Voilà comment j’ai passé tous mes mardi après-midi chez le psychiatre.
Qui était également le père d'Alan...
Mais qui donc est cet Alan ?
Alan était l’un des meilleurs amis de mon frère Nicky, un gros nounours (colossal le nounours) né à Pago Pago (îles Samoa), ses potes l’avaient surnommé "Sumo", sans chercher à savoir si ça l’humiliait ou non je crois, et moi, la gourde blonde, j’avais pris le même pli, ça ne m’était jamais venu à l’esprit qu’il puisse en souffrir. En fait c’était plutôt un nounours colossalement grand, vu qu’il faisait pas moins d’un mètre quatre-vingt-quinze pour une bonne cent cinquantaine de kilos bien tassés.
Je connaissais Al depuis que j’avais dix ans, et je l’adorais, il était l’un des rares à être vraiment gentil avec moi, il m’aimait vraiment, pour ce que j’étais, pas juste pour faire plaisir à mon frère ; ou dans l’espoir qu’un jour il pourrait me "sauter".
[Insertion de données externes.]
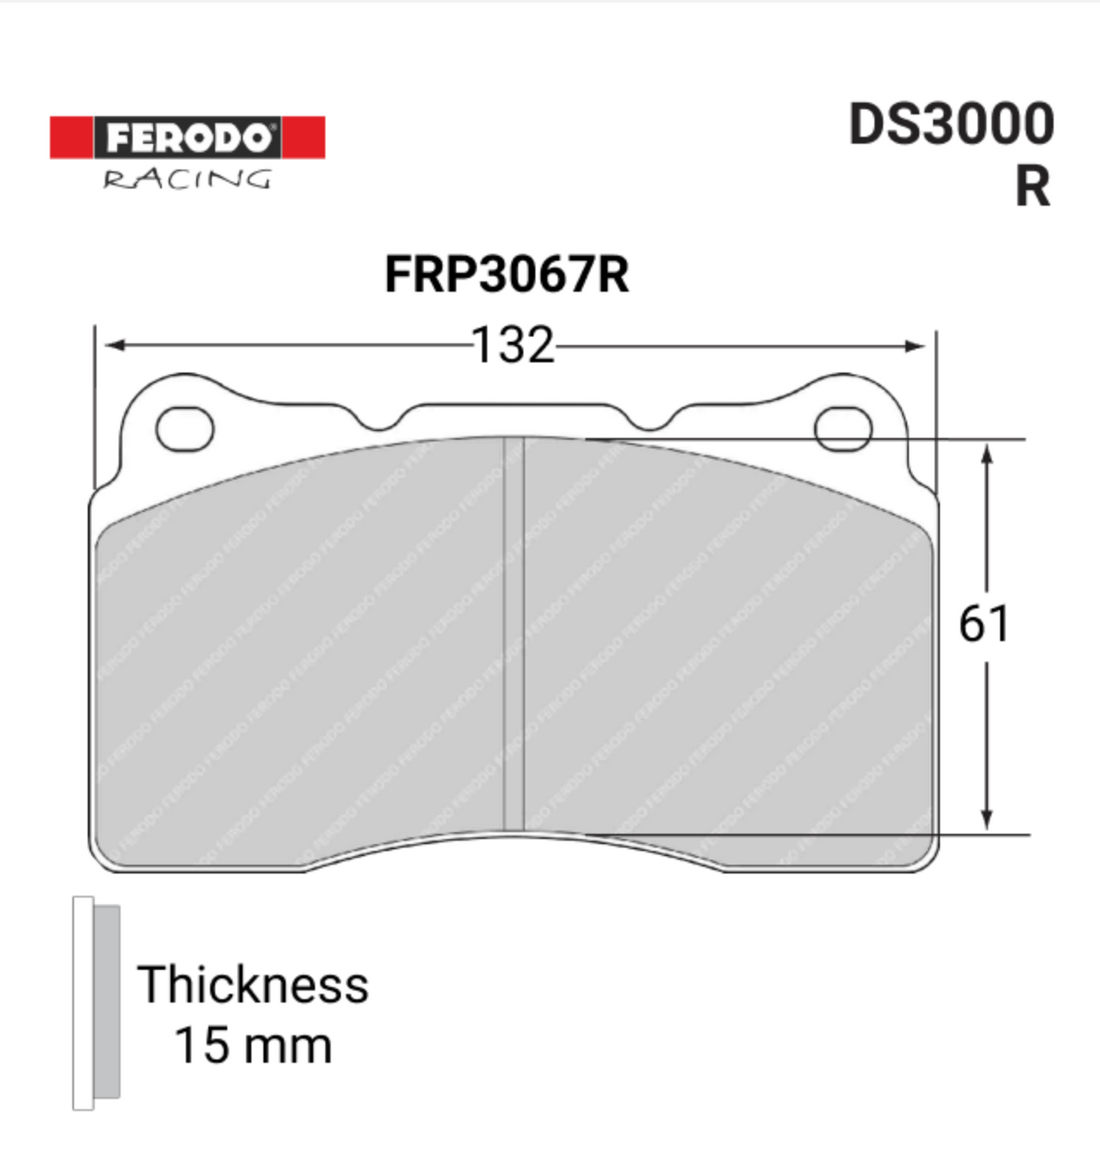 Ferodo FRP3067R DS3000 Brake Pads
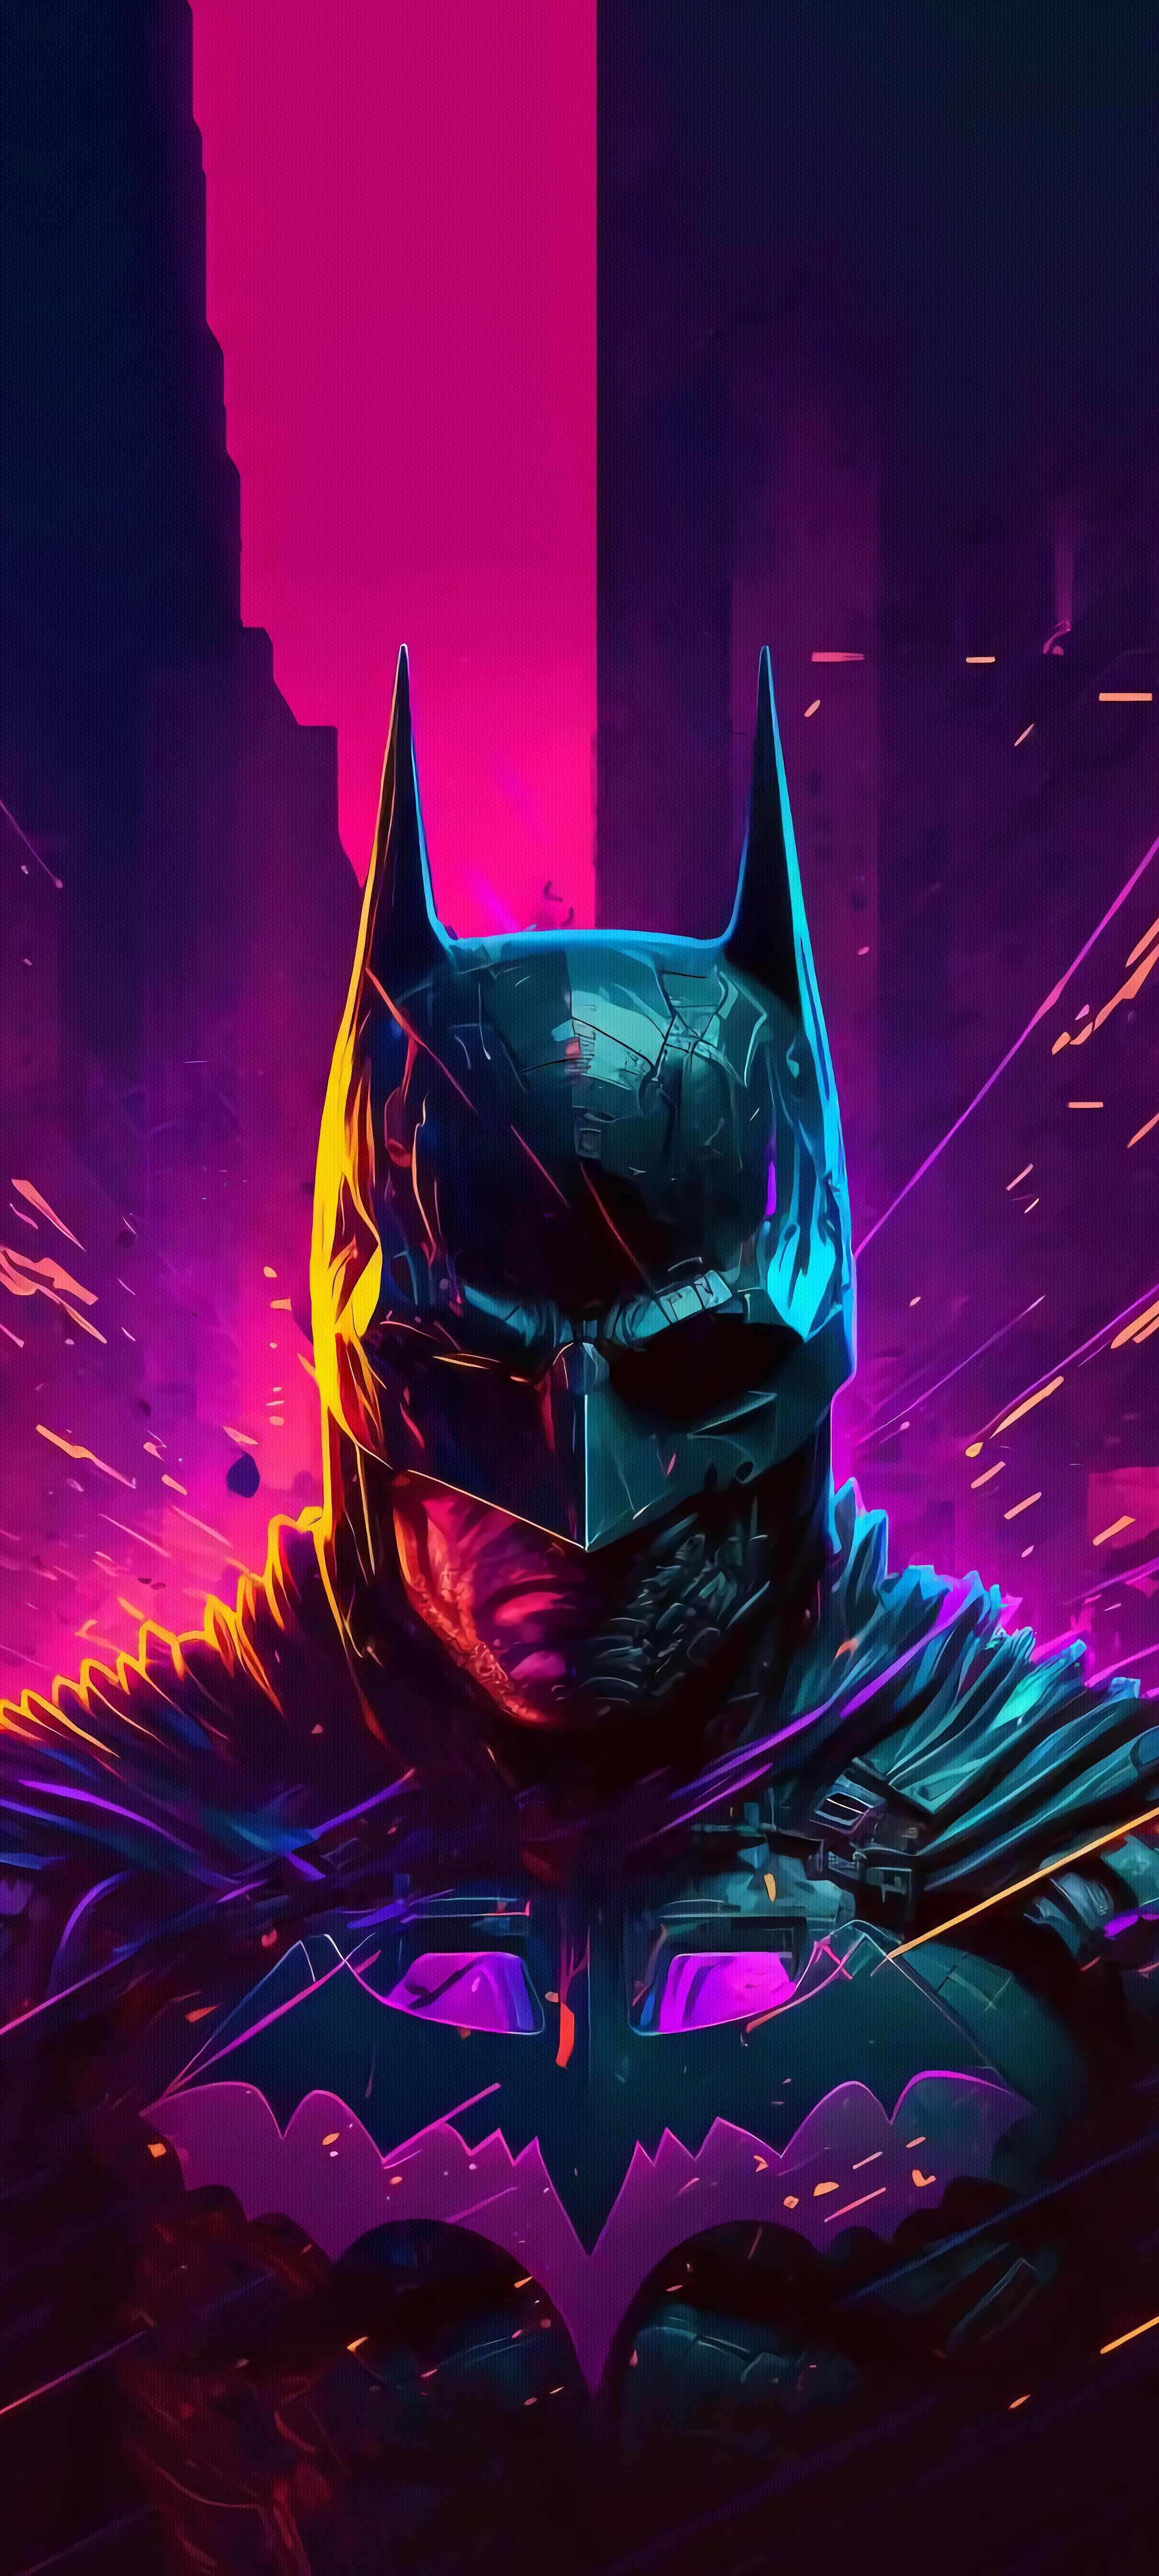 A batman illustration in neon colors - Batman

Nous avions grandis jamais très loin l'un de l'autre et moi j’avais grandi bien plus vite que les garçons car à treize ans, j’étais déjà une femme, je veux dire que j’avais le physique d’une femme, ce qui permettait au Dragon de clamer qu’elle avait vu juste et que j’allais finir putain, engrossée par le premier venu, sous la coupe d'un proxénète, que jamais elle n’accepterait de bâtard dans sa maison...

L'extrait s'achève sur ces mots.